- Decades:: 1660s; 1670s; 1680s; 1690s; 1700s;
- See also:: Other events of 1683 History of China • Timeline • Years

= 1683 in China =

Events from the year 1683 in China.

== Incumbents ==
- Kangxi Emperor (22nd year)

== Events ==
- The Qing conquest of Taiwan
  - The naval forces of the Ming loyalists on Taiwan—organized under the Zheng dynasty as the Kingdom of Tungning—were defeated off Penghu by 300-odd ships under the Qing admiral Shi Lang. Koxinga's grandson Zheng Keshuang surrendered Tungning a few days later and Taiwan became part of the Qing Empire. Zheng Keshuang moved to Beijing, joined the Qing nobility as the "Duke Haicheng" (海澄公), and was inducted into the Eight Banners as a member of the Han Plain Red Banner
  - the Qing sent most of the 17 Ming princes, including Prince Zhu Shugui of Ningjing and Prince Honghuan (w:zh:朱弘桓), the son of Zhu Yihai, still living on Taiwan back to mainland China, where they spent the rest of their lives. The Prince of Ningjing and his five concubines, however, committed suicide rather than submit to capture. Their palace was used as Shi Lang's headquarters in 1683, but he memorialized the emperor to convert it into a Mazu temple as a propaganda measure in quieting remaining resistance on Taiwan. The emperor approved its dedication as the Grand Matsu Temple the next year and, honoring the goddess Mazu for her supposed assistance during the Qing invasion, promoted her to "Empress of Heaven" (Tianhou) from her previous status as a "heavenly consort" (tianfei).
  - The end of the rebel stronghold and capture of the Ming princes allowed the Kangxi Emperor to relax the Sea Ban and permit resettlement of the Fujian and Guangdong coasts.

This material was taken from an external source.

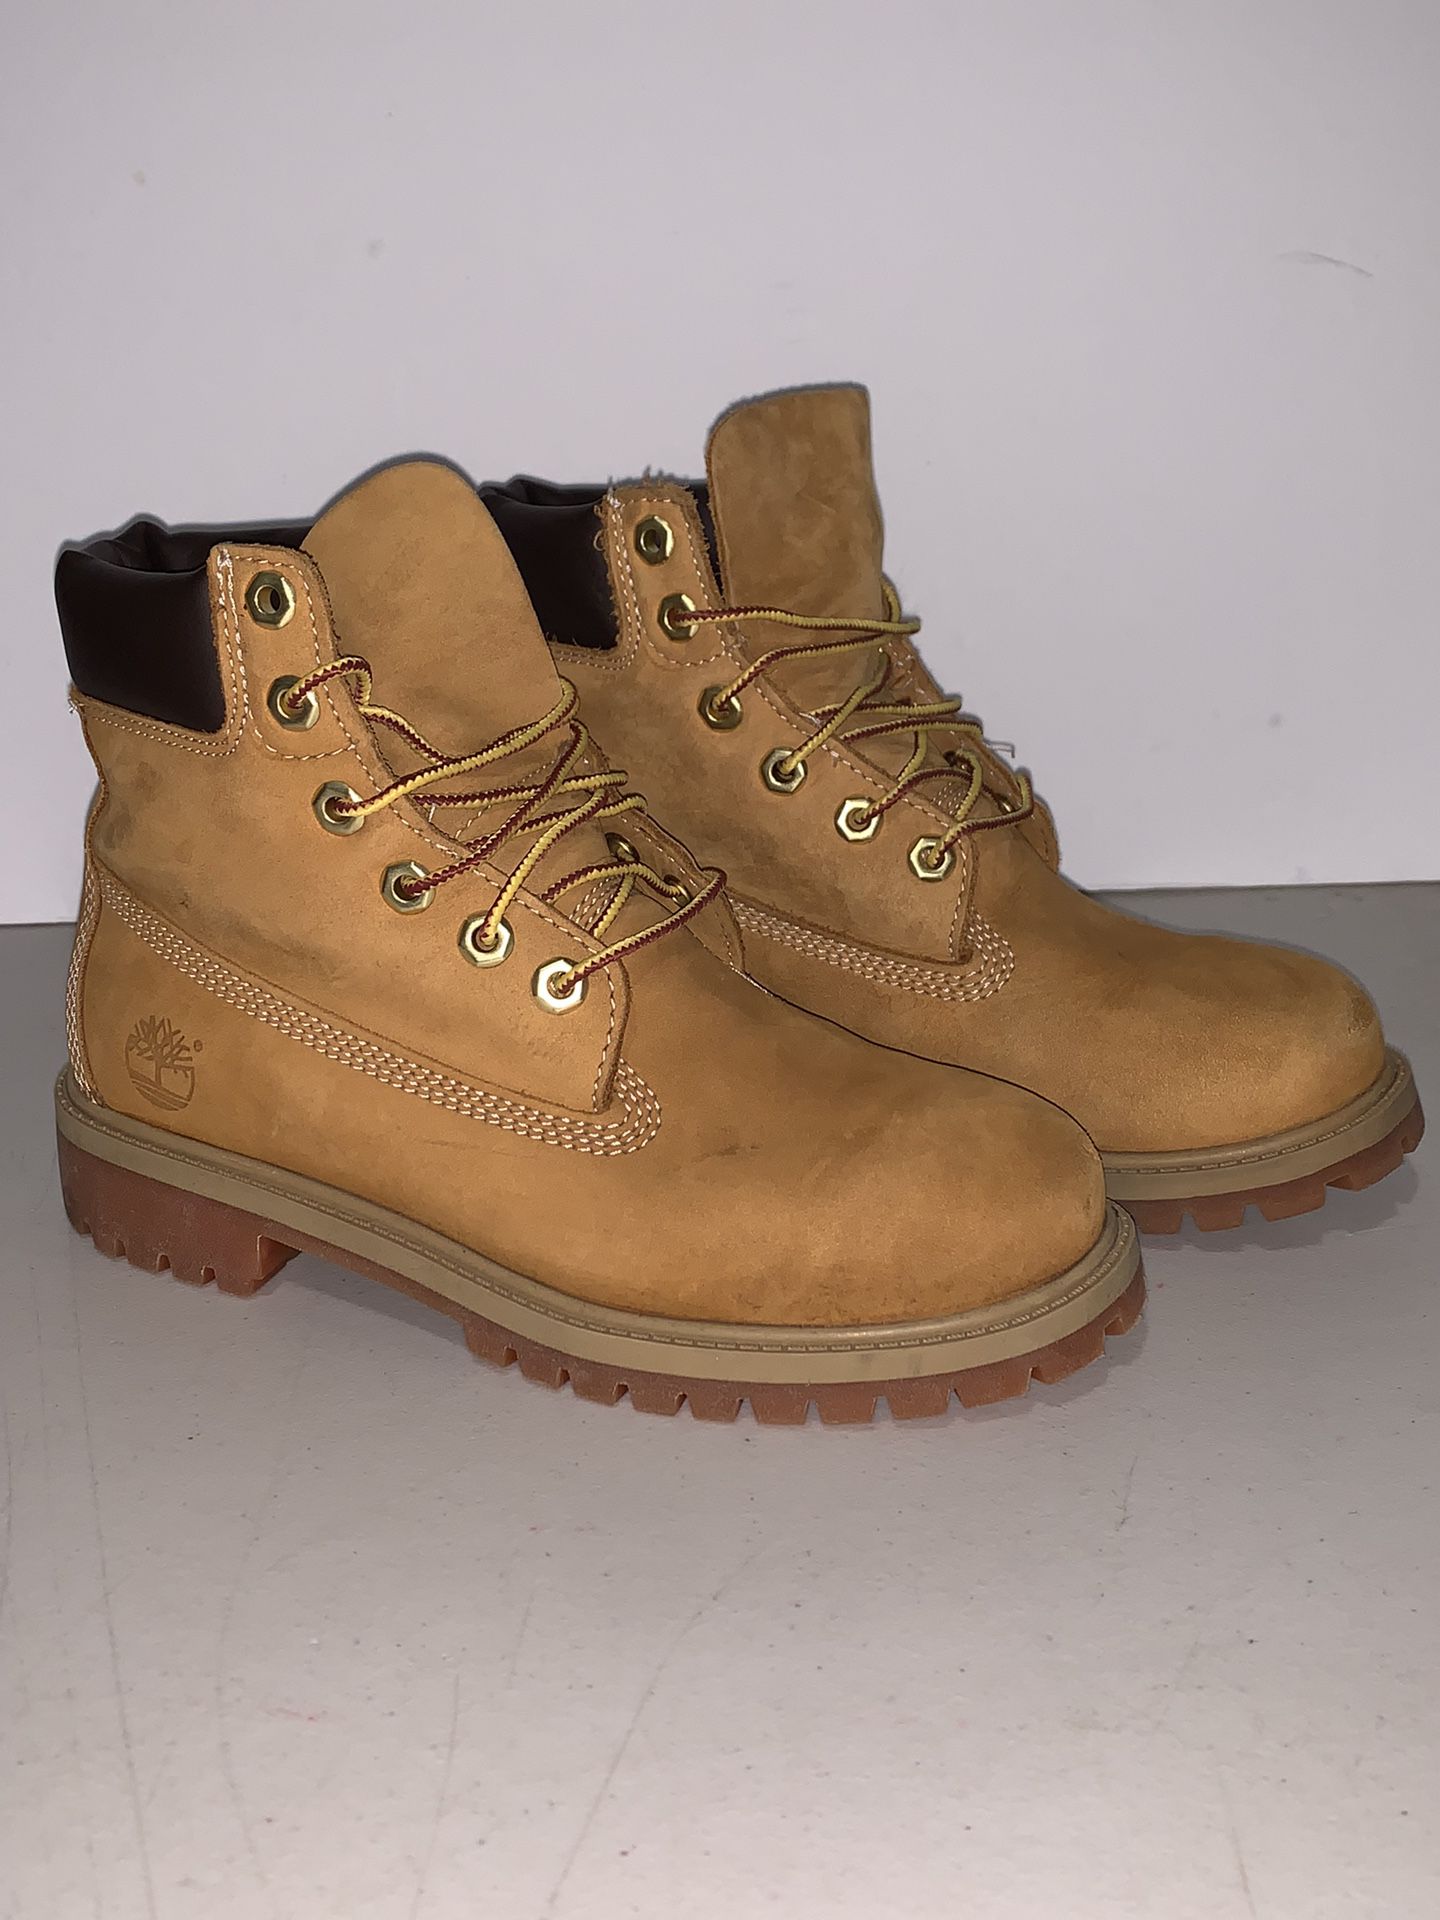 Timberland 12909 Junior’s 6" Premium Waterproof Boots Wheat Nubuck Size 4
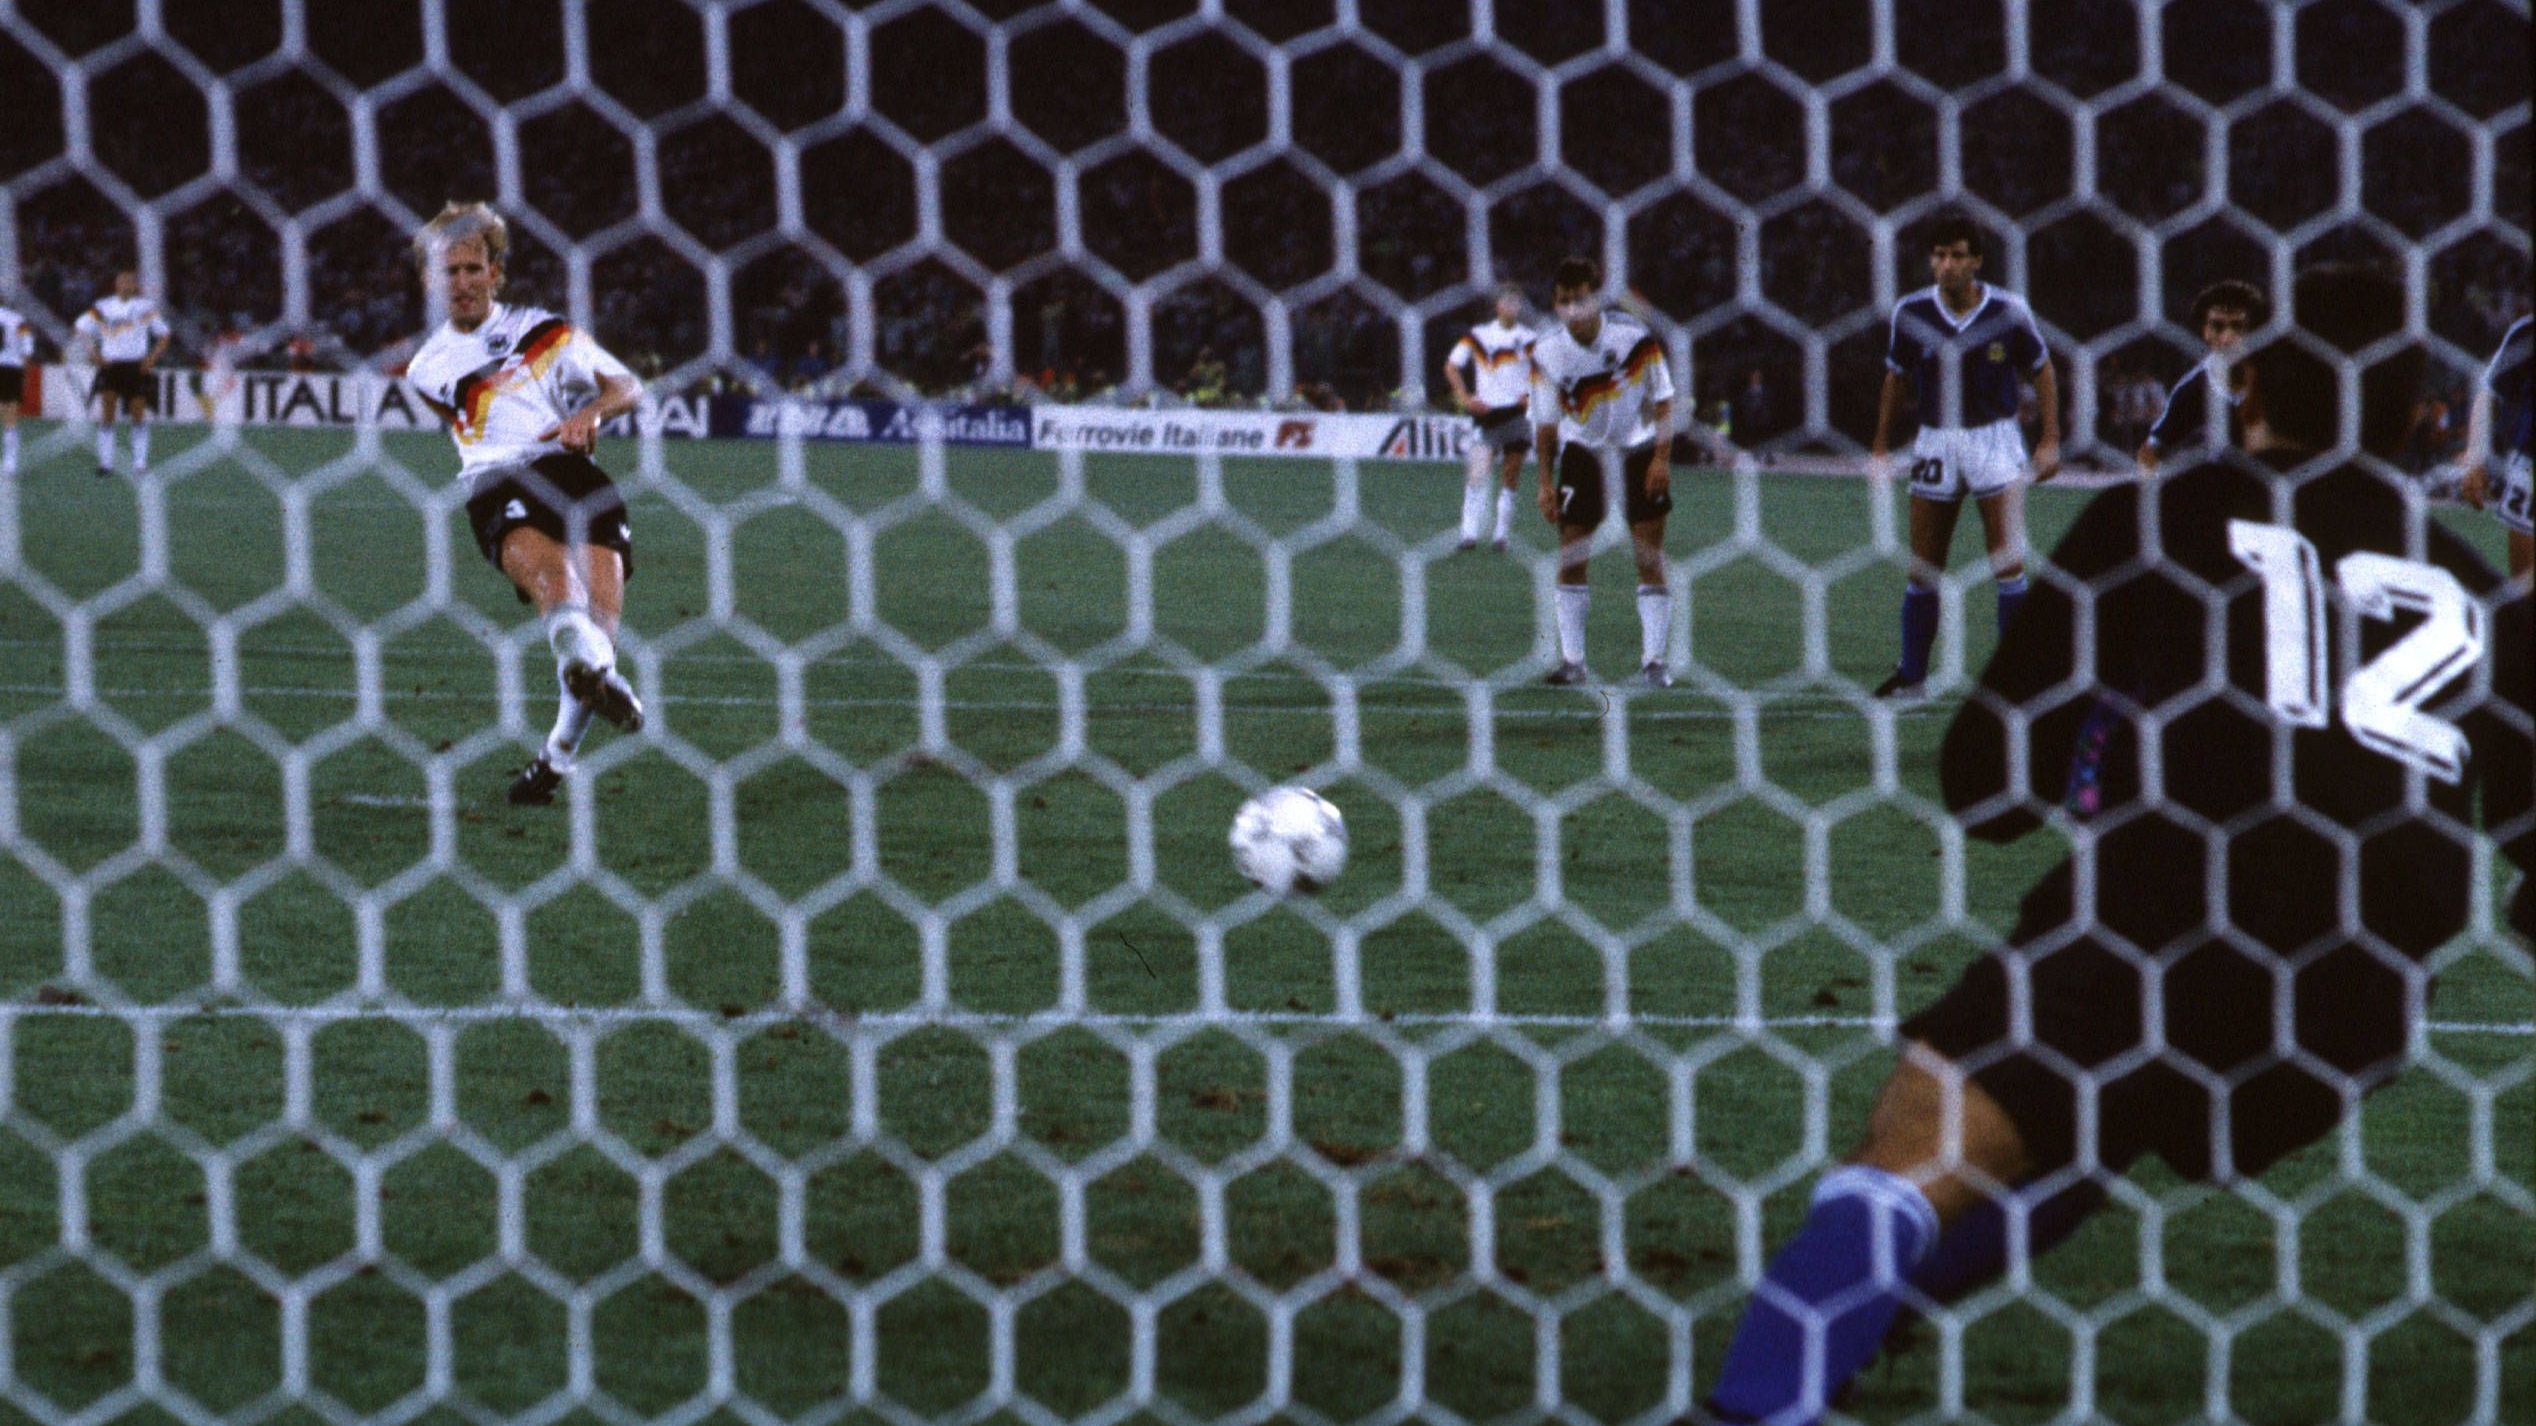 <strong>Das Tor zum WM-Titel 1990</strong><br>Brehme absolvierte von 1984 bis 1994 stolze 84 Länderspiele für die deutsche Nationalmannschaft. Das Highlight war die Weltmeisterschaft 1990. Fünf Minuten vor Ende verwandelte er im Finale gegen Italien den entscheidenden Elfmeter zum 1:0-Sieg. Bei der EM 1992 führte er die Mannschaft als Kapitän aufs Feld, nachdem sich Rudi Völler verletzt hatte.&nbsp;&nbsp;

The financial and other incentives to new settlers particularly drew the Hakka, who would have continuous low-level conflict with the returning Punti people for the next few centuries.
- Sino-Russian border conflicts

==Births==
- Sun Jiagan (孫嘉淦, 1683–1753) was a Chinese politician of the Qing dynasty
- 28 November — Yun'e (1683–1741), born Yin'e, was a Manchu prince of the Qing dynasty of China. He was a relatively unremarkable prince who was primarily known to be a crony of his older brother Yunsi.
- Yuntang (1683–1726), born Yintang, was a Manchu prince of the Qing dynasty. He was the ninth son of the Kangxi Emperor and an ally of his eighth brother Yunsi, who was the main rival to their fourth brother Yinzhen in the power struggle over the succession. In 1722, Yinzhen succeeded their father and became historically known as the Yongzheng Emperor, after which he started purging his former rivals. In 1725, the Yongzheng Emperor stripped Yuntang off his beizi title, banished him from the Aisin Gioro clan, and imprisoned him in Baoding. Yuntang died under mysterious circumstances later. In 1778, the Qianlong Emperor, who succeeded the Yongzheng Emperor, posthumously rehabilitated Yuntang and restored him to the Aisin Gioro clan.

==Deaths==
- July 21 — Zhu Shugui (朱術桂, 1617 – 1683 ), courtesy name Tianqiu and art name Yiyuanzi, formally known as the Prince of Ningjing, was a Ming dynasty prince and the last of the pretenders to the Ming throne after the fall of the Ming Empire
- October 3 — Lü Liuliang (呂留良; 1629–1683) was a Han Chinese poet and author from Tongxiang, Zhejiang province. He was a noted anti-Qing activist and target of a literary inquisition
- Tao Runai (陶汝鼐; 1601 – 1683), courtesy name Zhongtiao (仲調) and Xieyou (燮友), art name Mi'an (密庵) and Shixinong (石溪農), dharma name Rentoutuo (忍头陀), was a Chinese official, scholar, calligrapher and Buddhist monk who resisted the Qing conquest of China in the 17th century. He spent most of his life during the Manchu conquest of China and anti-Qing activities after the Ming dynasty had been overthrown.
- Yao Qisheng (姚啟聖 (姚启圣, Yáo Qǐshèng); 1624–1683), courtesy name Xizhi (熙止 (Xīzhǐ)), was a regional official, diplomat, and statesman during the reign of the Kangxi Emperor in Qing Dynasty China. Yao was a pivotal figure in the Qing empire's annexation of Taiwan.